◆ Source material:

[Start of Attachment]

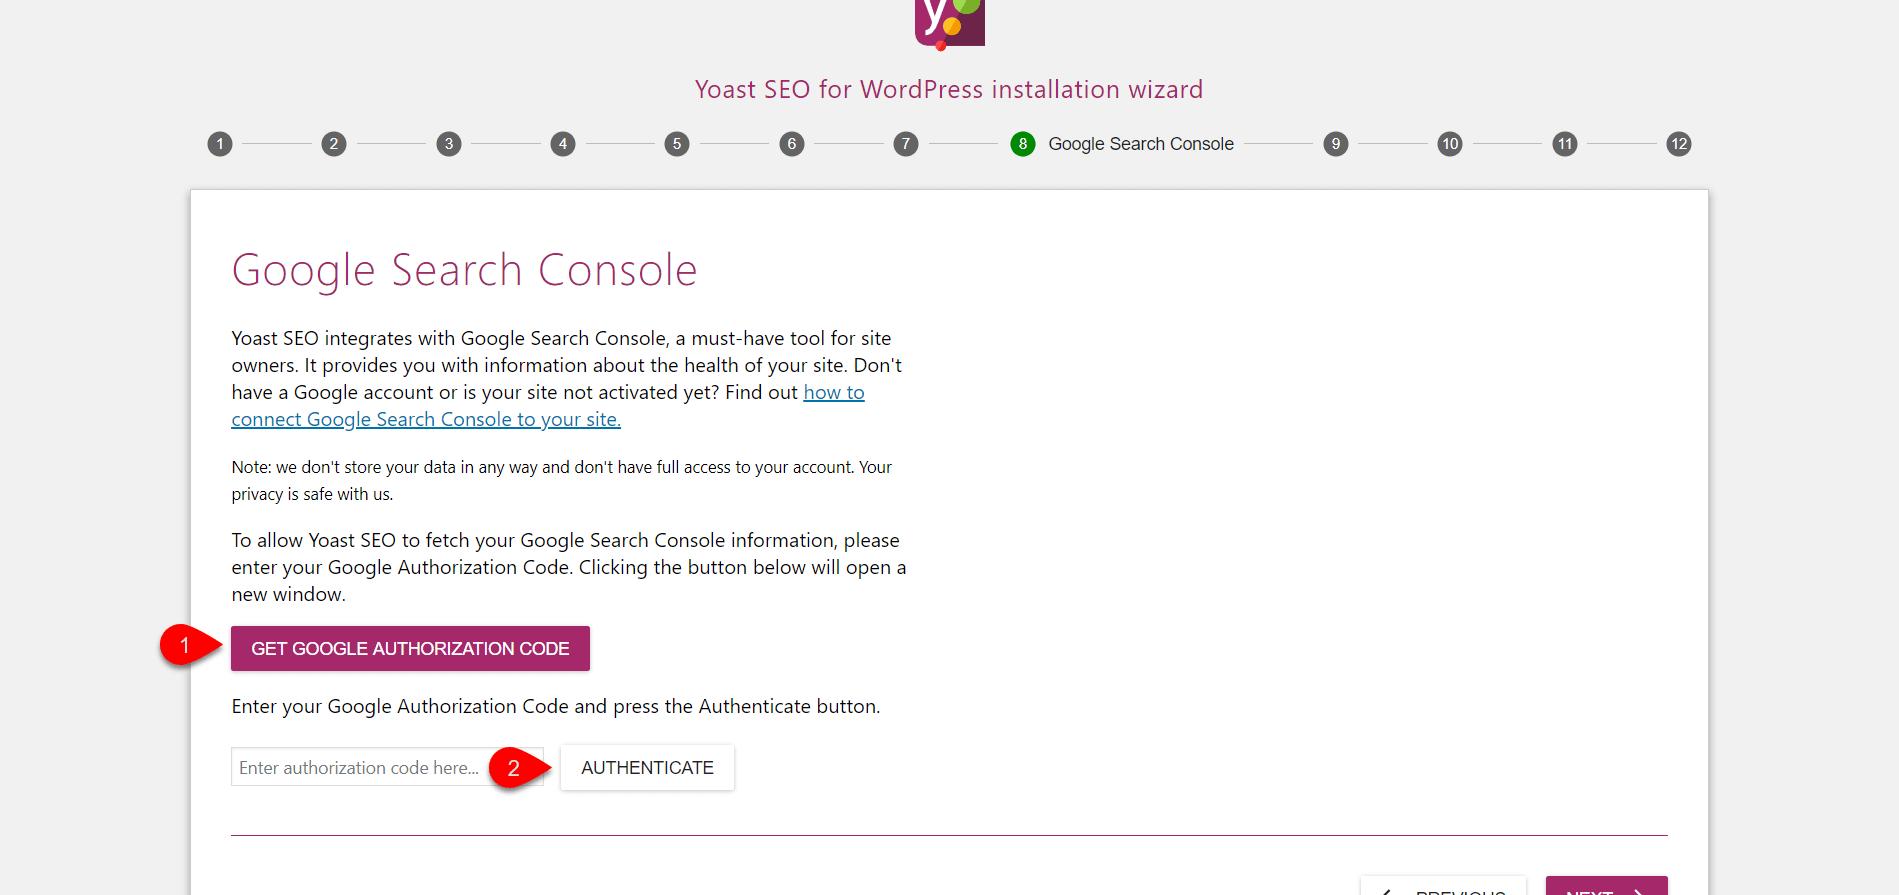 Configure Yoast SEO 9
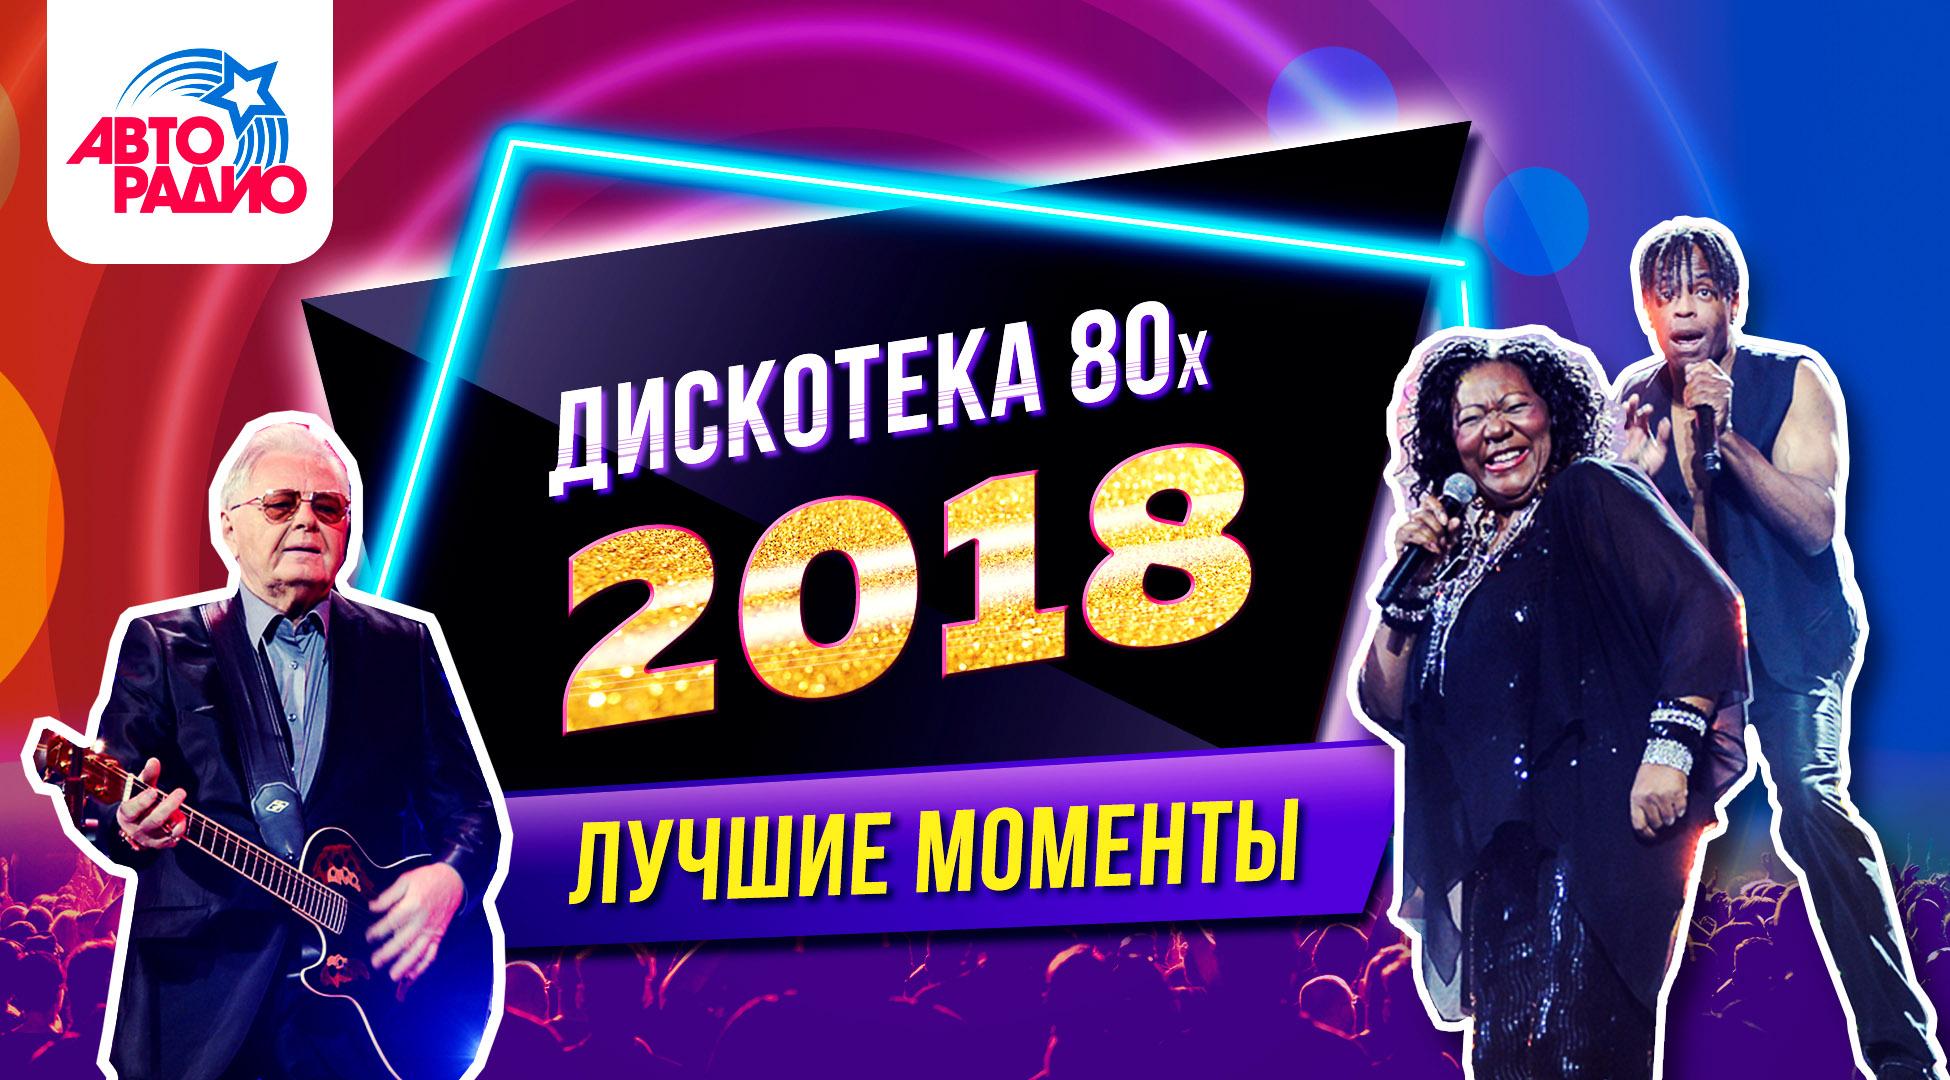 Дискотека 80-х 2018. Лучшие моменты фестиваля Авторадио
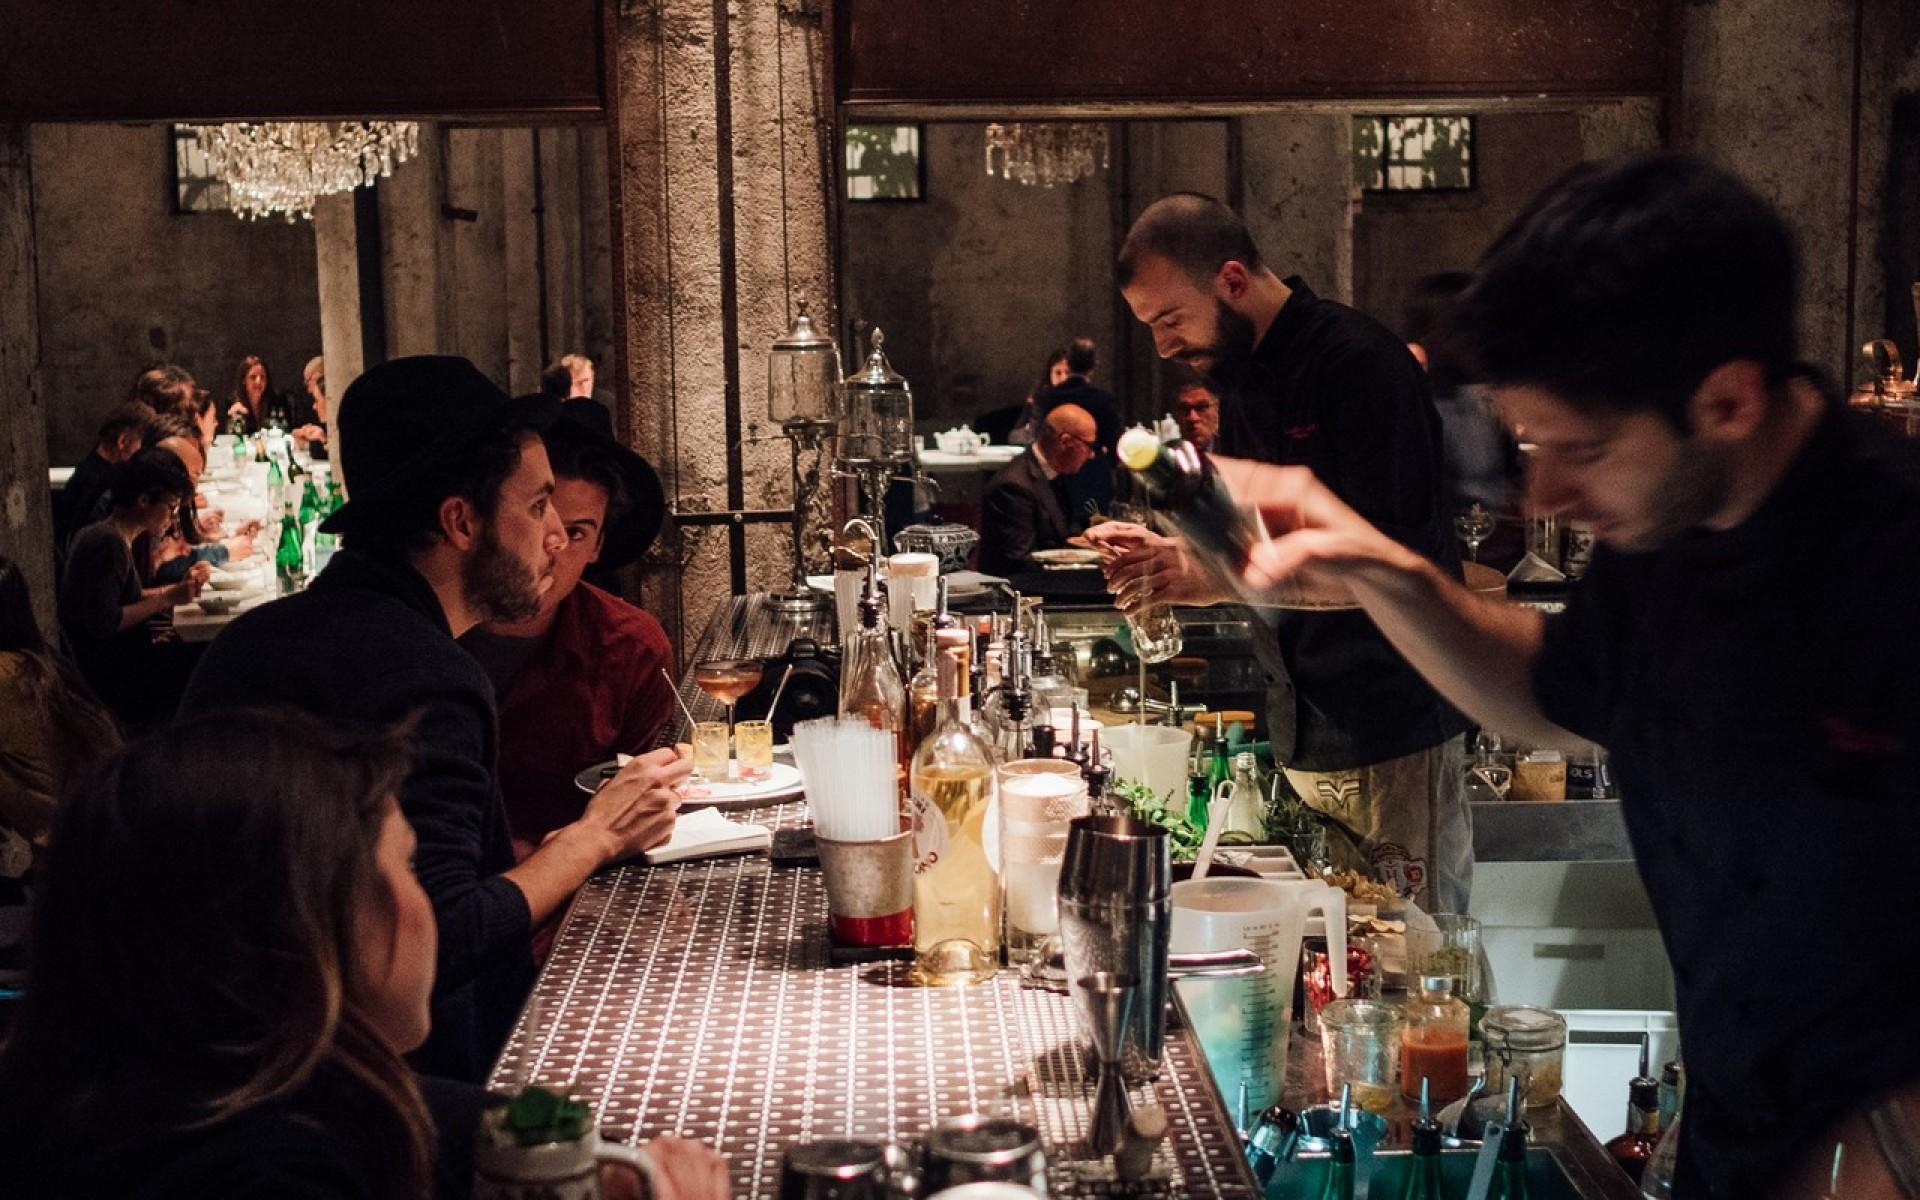 Bar ristorante cracco milano emmelle arredamenti for Segheria carlo cracco

[End of Attachment]

◆ Task statement: Exactly repeat only the lines from the one with "Дискотека 80-х 2018." to the closing line above, both included, and omit every picture.

◆ Finished exercise:
 Дискотека 80-х 2018. Лучшие моменты фестиваля Авторадио
 Bar ristorante cracco milano emmelle arredamenti for Segheria carlo cracco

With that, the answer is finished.